Ils roulaient depuis un moment lorsque Mel se tourna vers elle :
— Tu dors ?
— Non. Je pense à la réflexion de ce jeune garçon. Crois-tu que je veuille attirer la sympathie des Blancs ?
— Tu ne fais rien pour cela, dit-il. Mais tu sais il y a toujours des gens pour nous trouver tièdes.
— Oui, mais c’est la première fois qu’un jeune me lance ça au visage, dit-elle soucieuse. J’ai peut-être eu tort de vouloir rencontrer ce vieux sénateur.

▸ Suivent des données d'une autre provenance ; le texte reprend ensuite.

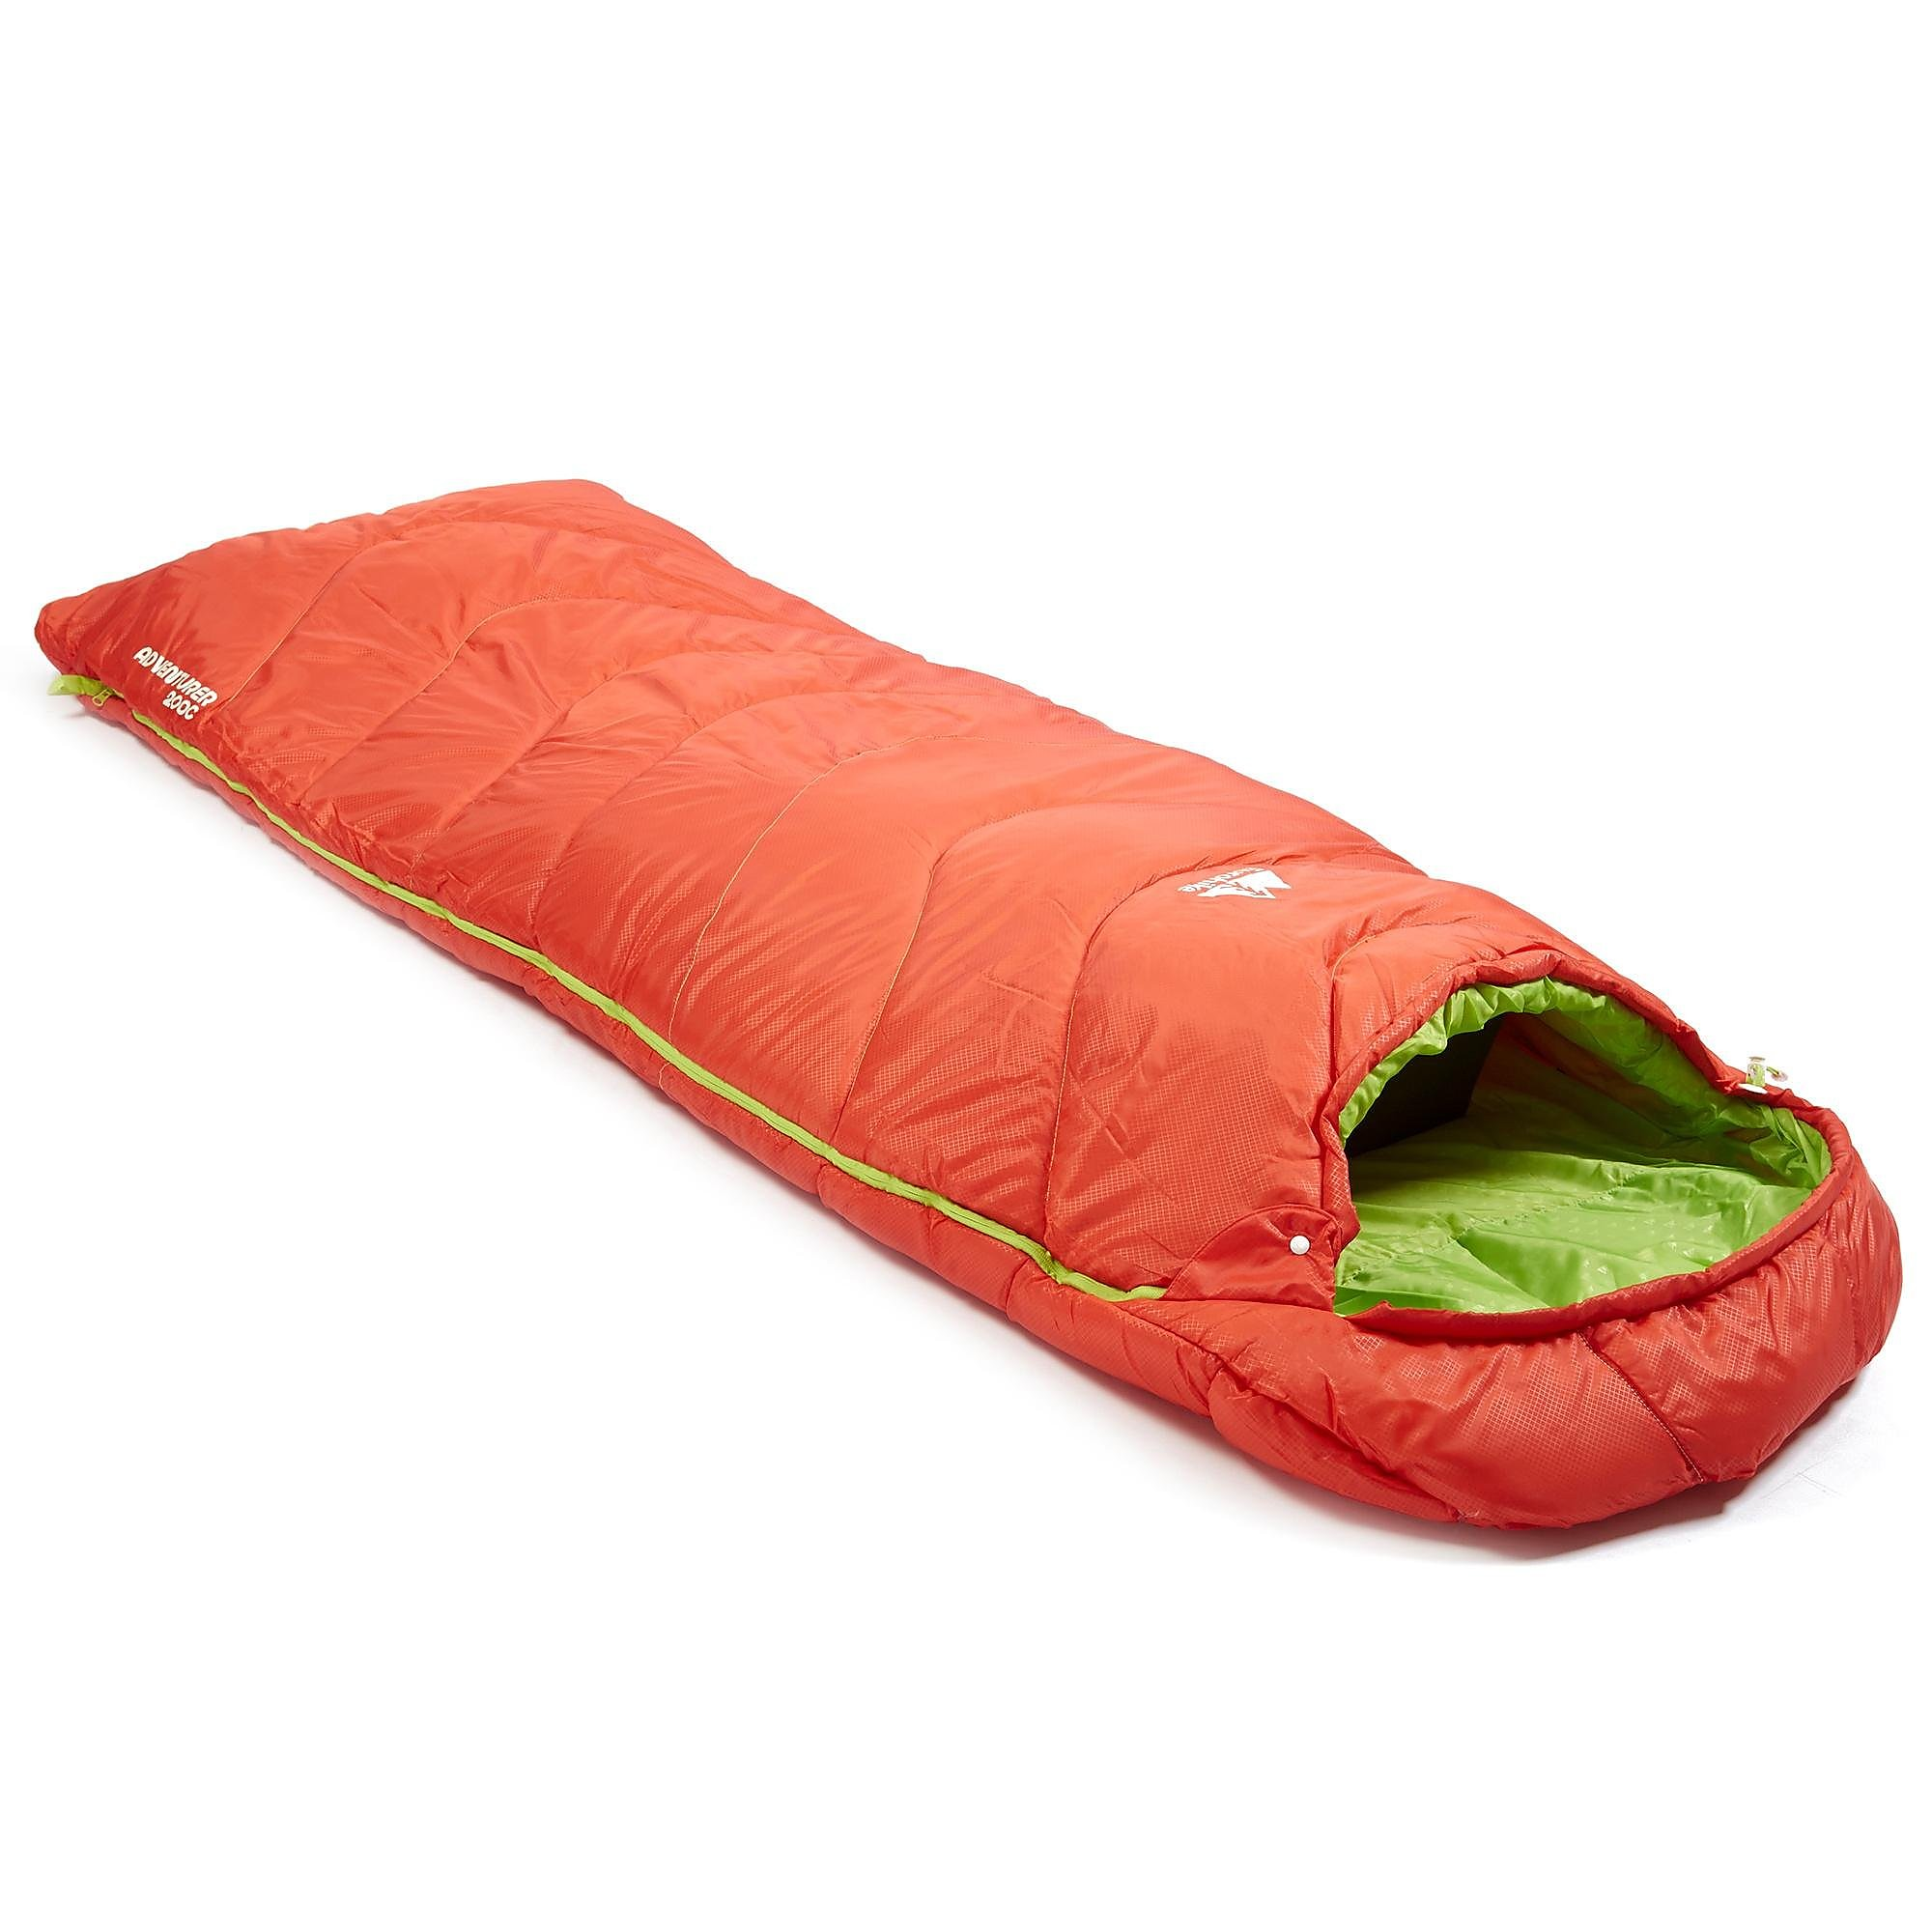 EUROHIKE Adventurer 200C Sleeping Bag

— Cela ne t’engage à rien.
— Oui, mais est-ce que les autres le comprendront ? N’y verront-ils pas le signe d’un compromis avec le pouvoir blanc ?
— C’est lui qui t’a proposé cette rencontre.
— J’aurais dû la refuser.
— Nous en avons discuté longuement, lui rappela-t-il. Tu as accepté, en définitive.
— Oui, soupira-t-elle en s’allongeant.
Bientôt ils atteignirent Los Angeles puis pénétrèrent dans le quartier de Watts. Diana s’était endormie dans la dernière partie du trajet et elle fut surprise lorsque Mel la réveilla. Ils habitaient un appartement au premier étage d’un vieil immeuble. Seul Moron avait une chambre directement chez eux, les autres gardes du corps habitant sur le palier. En principe Diana ne risquait rien au sein du ghetto noir mais rien n’empêchait leurs ennemis d’embaucher un tueur noir qui pourrait parvenir jusqu’à elle.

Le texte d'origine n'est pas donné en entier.